Understanding how rigorous and ethical research enables the integration of findings into practice protocols and guidelines, advances health outcomes, and shapes policy development to support nursing practice. Some nurses are directly involved in empirical research as principal investigators or lead nurse scientists, research coordinators, or other members of the research team. The incorporation of research findings in clinical practice benefits patients who are the recipients of a nurse’s expert knowledge, skill, and care.
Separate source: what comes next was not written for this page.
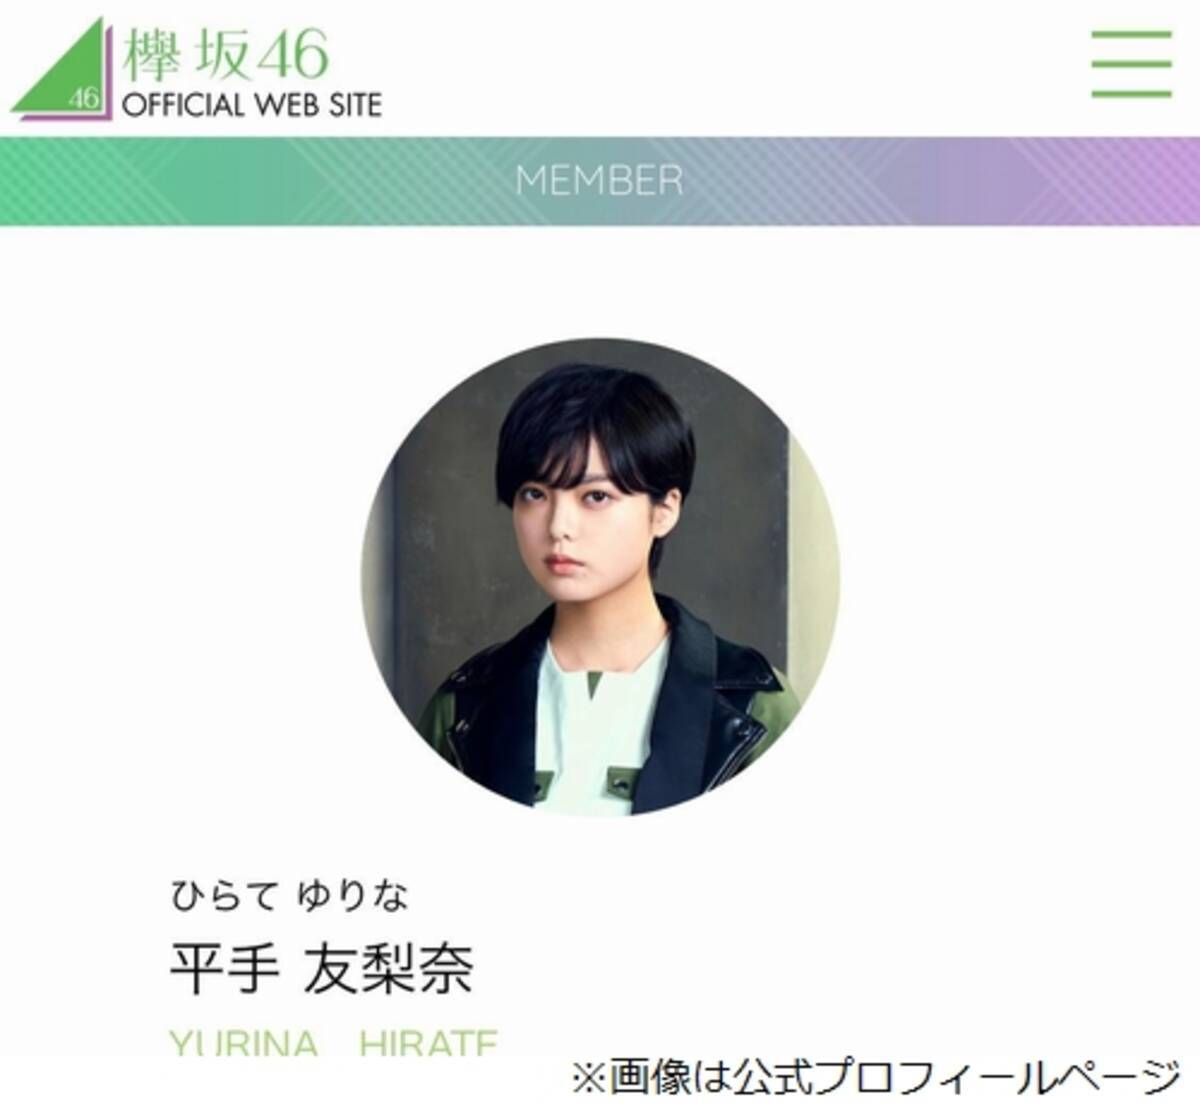 欅坂46エースの平手友梨奈脱退 衝撃走る 2020年1月23日 エキサイトニュース

Research may or may not directly benefit the individual enrolled in a research study but advances knowledge for the future treatment of patients and is a gift of the consenting participants.

Nurses increasingly come in contact with research procedures in the delivery of nursing care. All nurses ought to understand the elements of what makes research ethical: social value, scientific merit, informed consent, fair subject selection, independent review, favorable risk-benefit ratio, and respect for enrolled participants. Evidence-based practice is generated from research and other quality improvement processes and improves the care provided in all settings.